Чаадаев. Ага. Что ж… в таком случае…
Белинский. Но я жду его со дня на день.
Чаадаев. И тем не менее.
Белинский (в сильном смущении). Я не вполне понял…
Чаадаев. Виноват, целиком моя ошибка.
Белинский. Он уехал на Кавказ на несколько месяцев.
Чаадаев. Конечно.
Белинский. Он оставил меня за главного.
Чаадаев. В самом деле? Позвольте вам сказать, что качество «Телескопа» заметно улучшилось в последнее время и более чем искупает нерегулярность появления новых номеров.
Белинский (мрачно). А, так вы заметили.
Чаадаев. Не беспокойтесь. Было бы неплохо, чтобы Шевыреву достало ума пропустить пару номеров «Наблюдателя», вот славная была бы от него передышка.
Белинский мгновенно веселеет и начинает почти злорадствовать, полностью забывая о своей стеснительности. Говоря о знакомых предметах – литературе и критике, он преображается.
Белинский. Именно! Я готовлю статью против него. Шевыреву не будет пощады! Я думал, меня буквально стошнит, когда я прочел его эссе о светскости и аристократизме в литературе. Аристократизм и искусство – не одно и то же. Аристократизм – это атрибут определенной касты. Тогда как искусство есть предмет мысли и чувства. А иначе любой щеголь может прийти сюда и заявить, что он писатель.
Чаадаев (вежливо). В самом деле…
Белинский. Я тут растрачиваю свою молодость, подрываю здоровье и наживаю врагов на каждом углу. А ведь мог бы быть окружен почитателями, которым не нужно от меня ровным счетом ничего, кроме как лишить меня независимости. Потому что я верю, что только литература может, даже теперь, вернуть нам наше достоинство, даже теперь, одними словами, которые проскочили, увернулись от цензора, литература может быть… может стать… сможет…
Чаадаев. Вы хотите сказать, что литература сама по себе может быть полезна, может иметь общественную цель…

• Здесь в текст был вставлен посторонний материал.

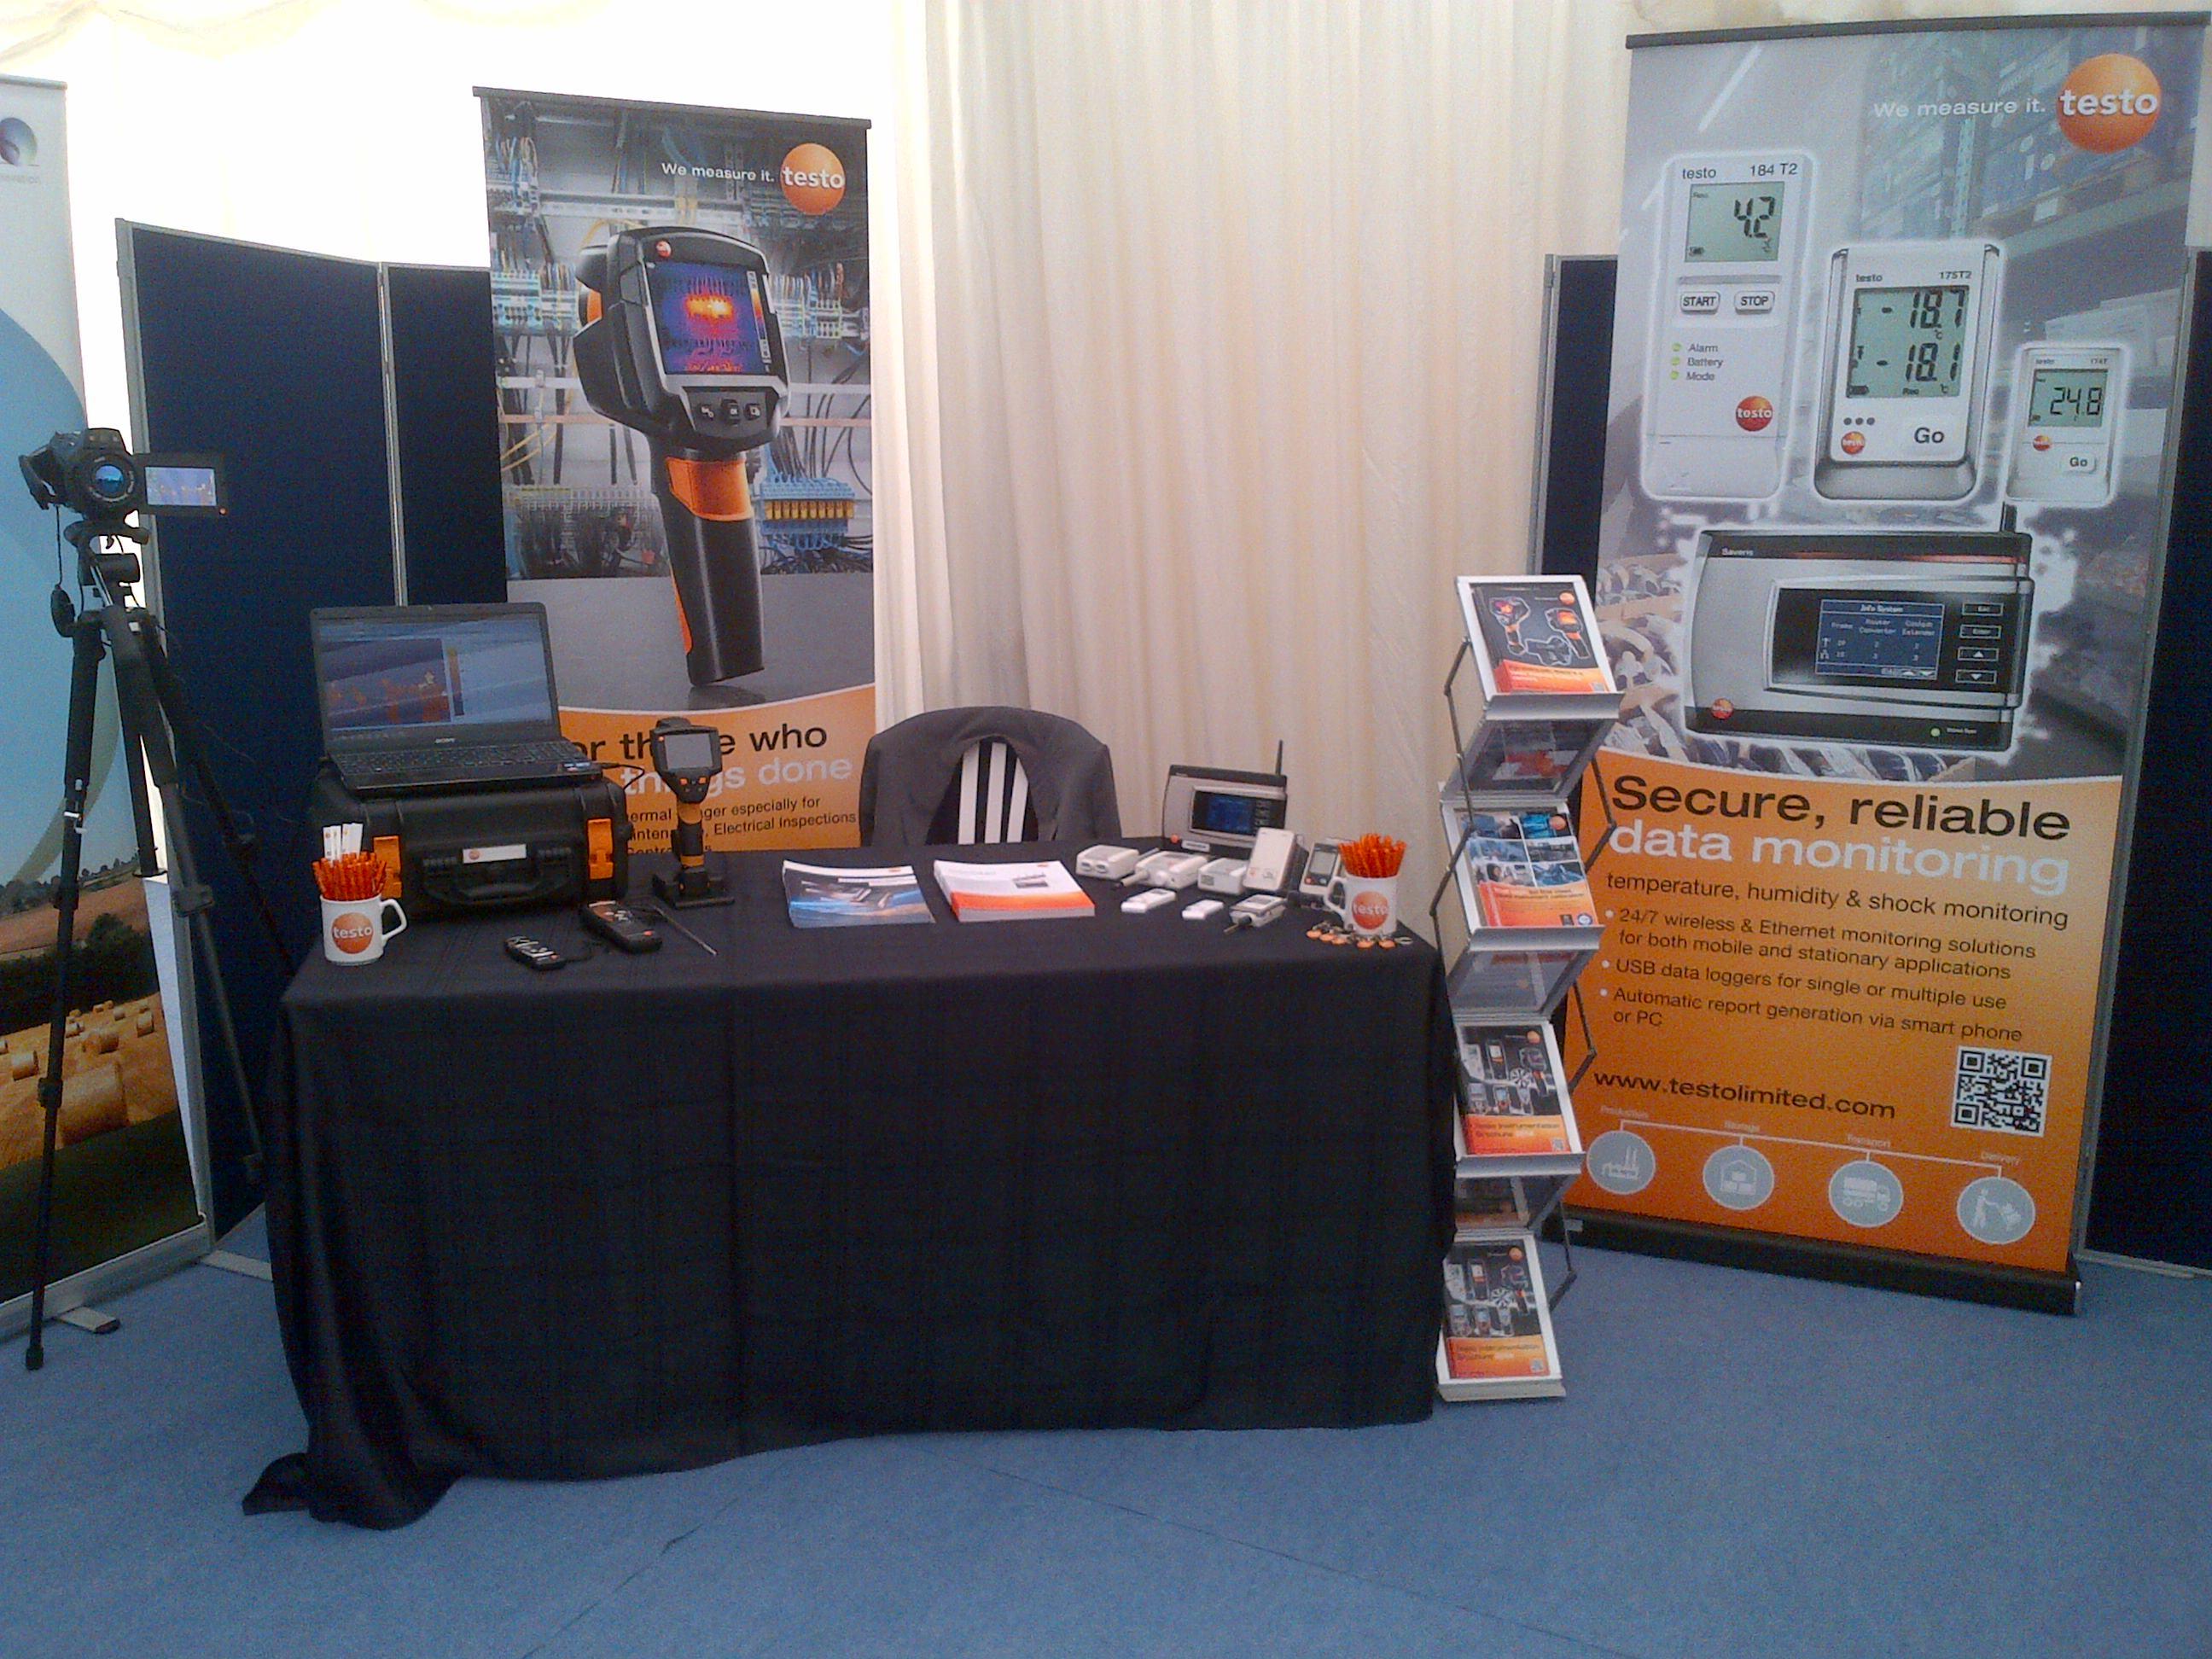 Testo Limited at Campden BRI Thermal Imaging Conference 2014

Белинский. Нет! Пропади она пропадом, эта общественная цель. Нет, я имею в виду, что литература может заменить, собственно, превратиться в… Россию! Она может быть важнее и реальнее объективной действительности. Когда у художника есть только идея, он всего лишь писака, может – талантливый, но этого недостаточно, нам от этого не легче, если всякий раз при слове «Россия» мы начинаем смущенно ухмыляться и дергаться, как полоумные. «Россия!» А, ну да, извините. Вы же сами понимаете: глухомань – не история, а варварство; не закон, а деспотизм; не героизм, а грубая сила, и вдобавок эти всем довольные крепостные. Для мира мы лишь наглядный пример того, чего следует избегать. Но великий художник способен все изменить, я имею в виду Пушкина до, скажем, «Бориса Годунова», он теперь, конечно, исписался, ни одной великой поэмы за годы, но даже Пушкин… или Гоголь с его новыми рассказами, точно, Гоголь, и будут другие, я знаю, что будут, и скоро, у нас все новое растет не по годам, а по часам. Вы понимаете, о чем я? Когда при слове «Россия» все будут думать о великих писателях и практически ни о чем больше, вот тогда дело будет сделано. И если на улице Лондона или Парижа вас спросят, откуда вы родом, вы сможете ответить: «Из России. Я из России, жалкий ты подкидыш, и что ты мне на это скажешь?!»
Чаадаев. Если позволите, я замечу вам, как ваш почитатель. Вы наживаете врагов не столько вашими убеждениями, сколько вашими… вашим стилем. Люди к нему не привыкли.
Белинский. А что мне делать? Ведь книга меня не под локоток берет, а за горло хватает. Мне нужно успеть шлепнуть мои мысли на бумагу, пока они не растерялись, да еще и поменять их на ходу, здесь все годится, тут не до стиля, тут дай Бог без сказуемого не остаться.
Чаадаев. Да… интересное время. (Собирается уходить, но колеблется.) Я, кстати, принес тут кое-что для Надеждина. Произведение не новое. Возможно, вы с ним уже знакомы. (Передает рукопись Белинскому, который несколько мгновений изучает ее.)
Белинский. Но…
Чаадаев. Вероятно, для публикации не подойдет.
Белинский. Что вы, наверняка все не так уж плохо.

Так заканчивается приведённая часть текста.